ENTRIES PROVIDED:

= Beginning of Section =

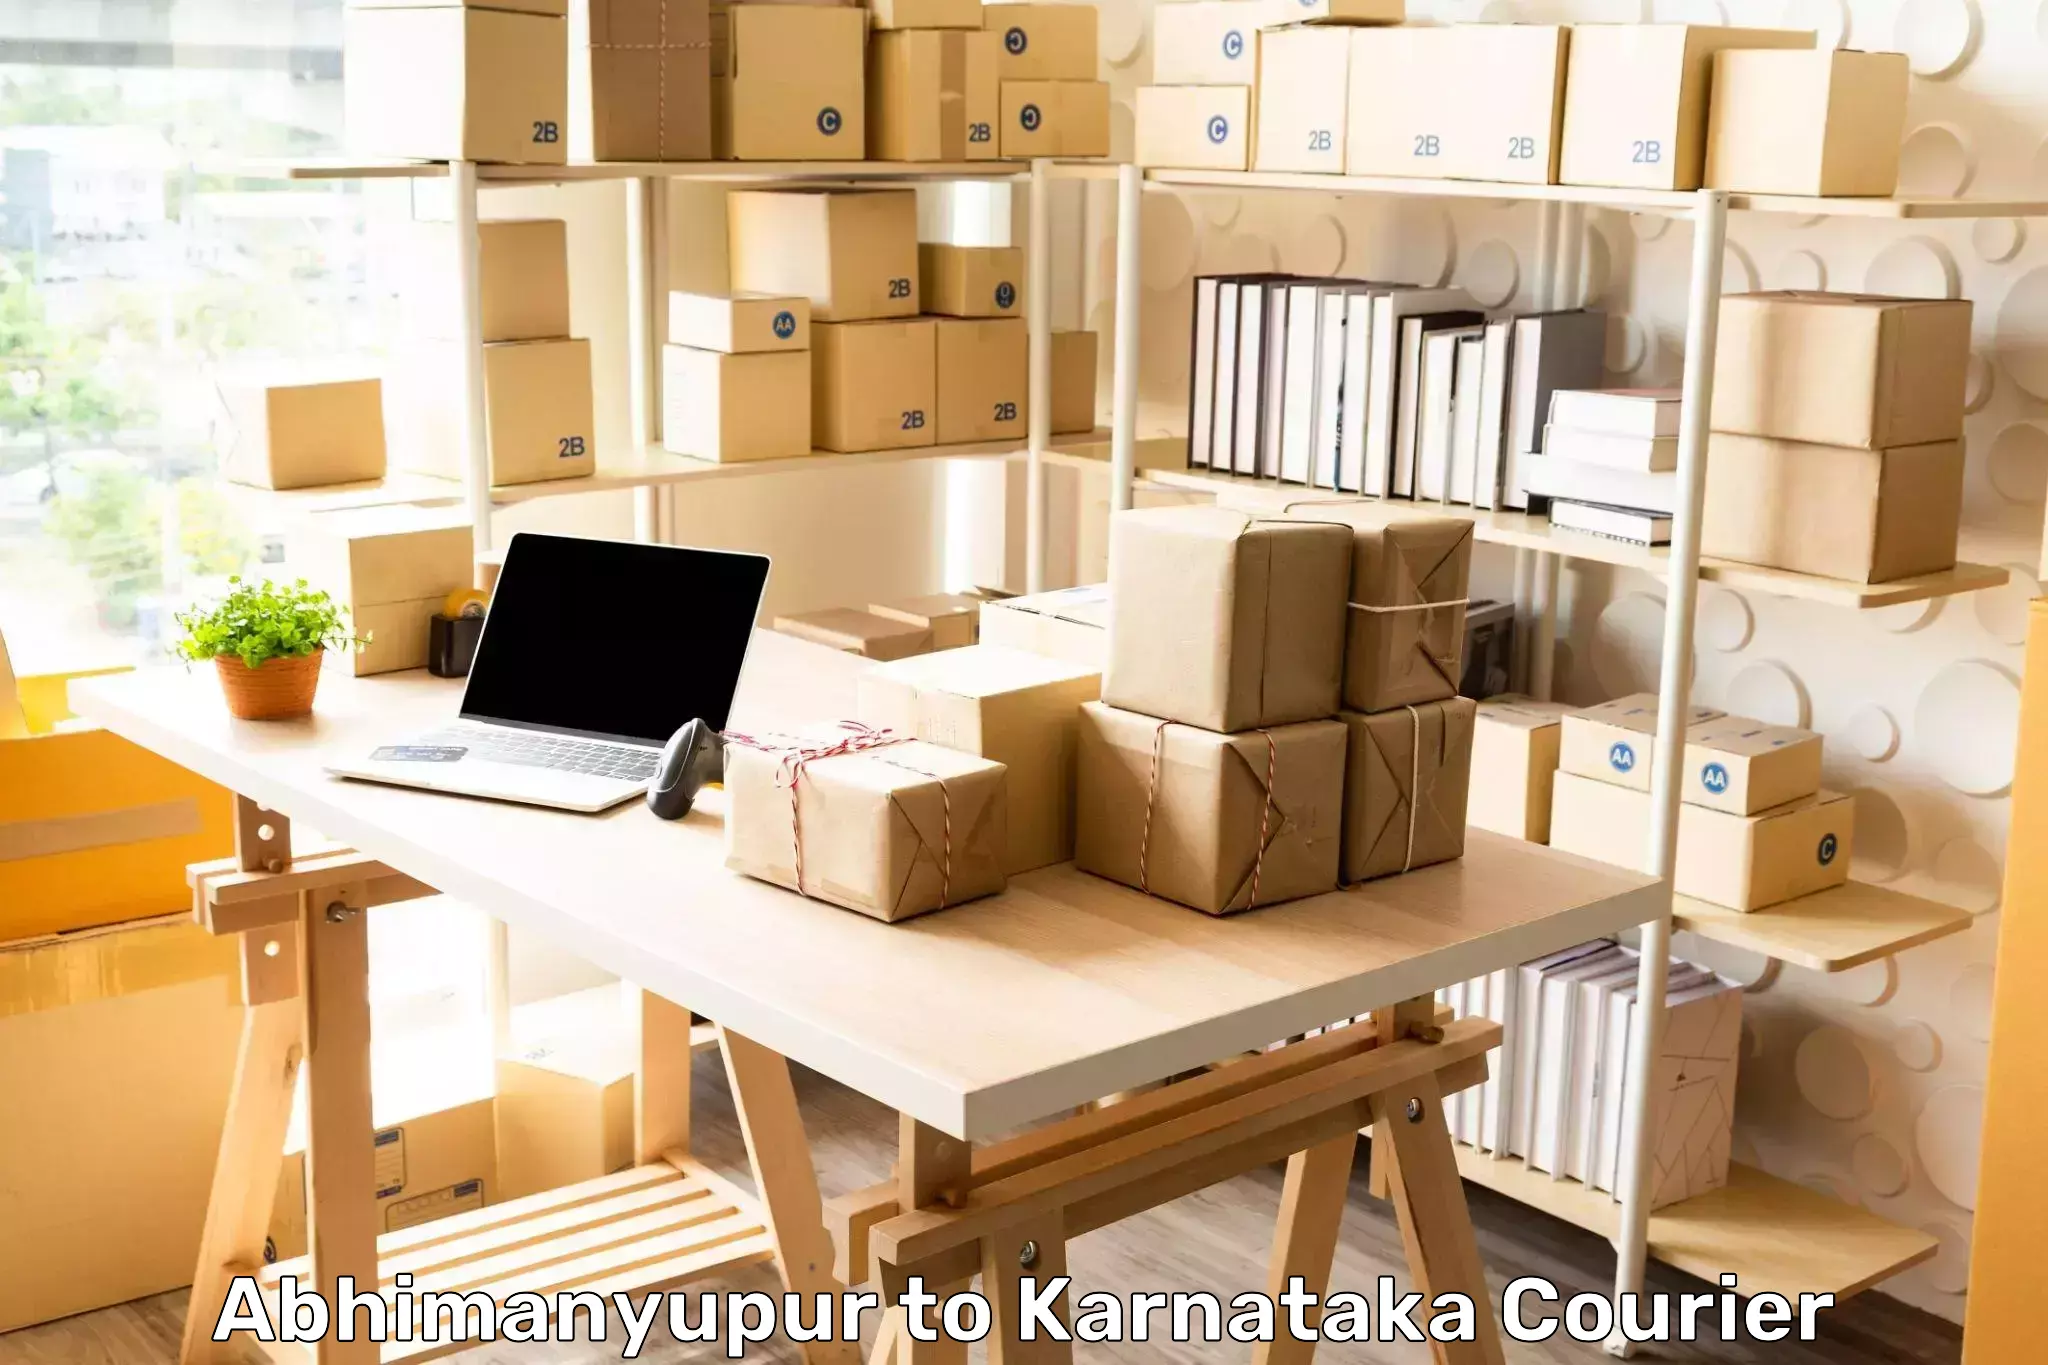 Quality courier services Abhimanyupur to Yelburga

= End of Section =
= Beginning of Section =

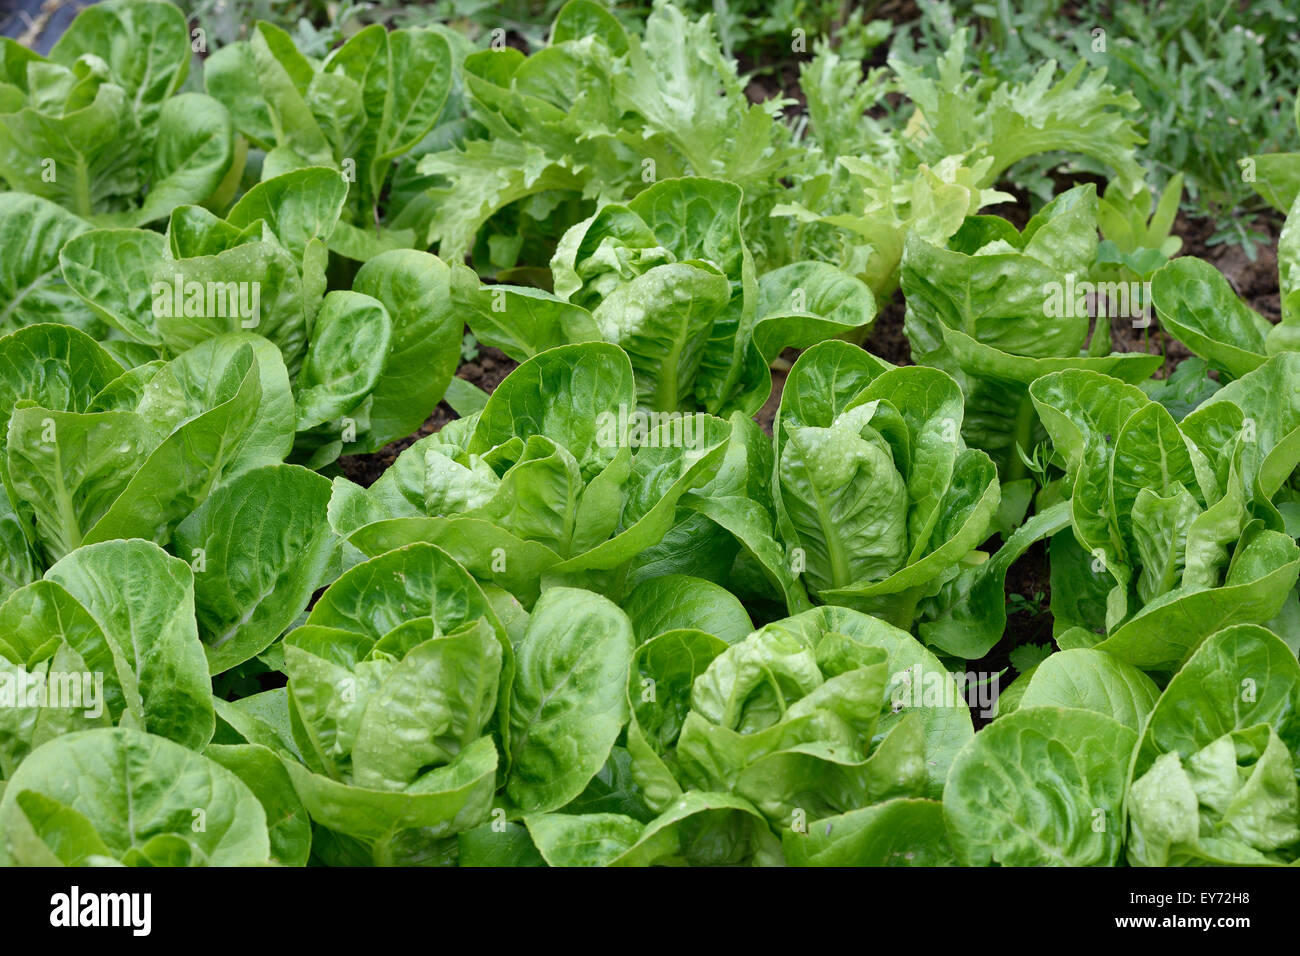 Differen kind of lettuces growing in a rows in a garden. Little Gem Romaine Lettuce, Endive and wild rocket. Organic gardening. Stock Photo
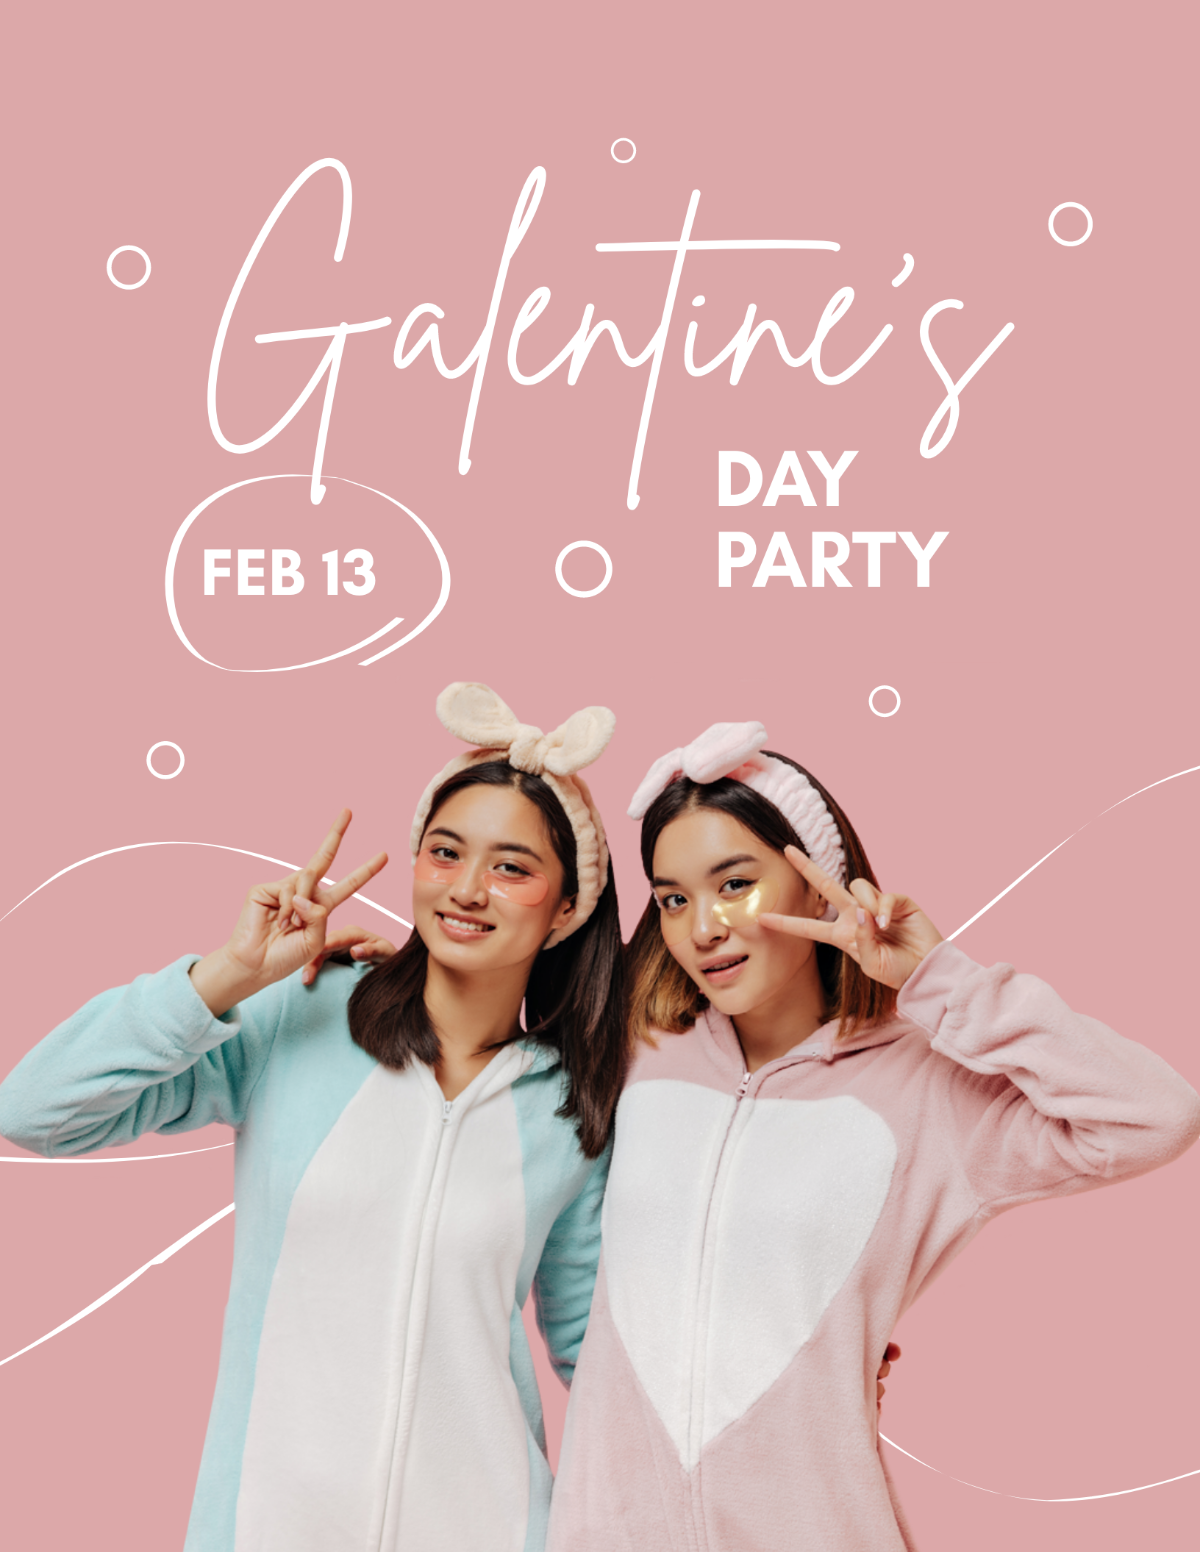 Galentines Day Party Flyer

= End of Section =

ABOUT THIS TASK:
Restate word for word every line from the one with "Differen kind of" up to and including the one with "Galentines Day Party Flyer" in the records above, minus the pictures.

RESPONSE TO THIS EXERCISE:
 Differen kind of lettuces growing in a rows in a garden. Little Gem Romaine Lettuce, Endive and wild rocket. Organic gardening. Stock Photo
 Galentines Day Party Flyer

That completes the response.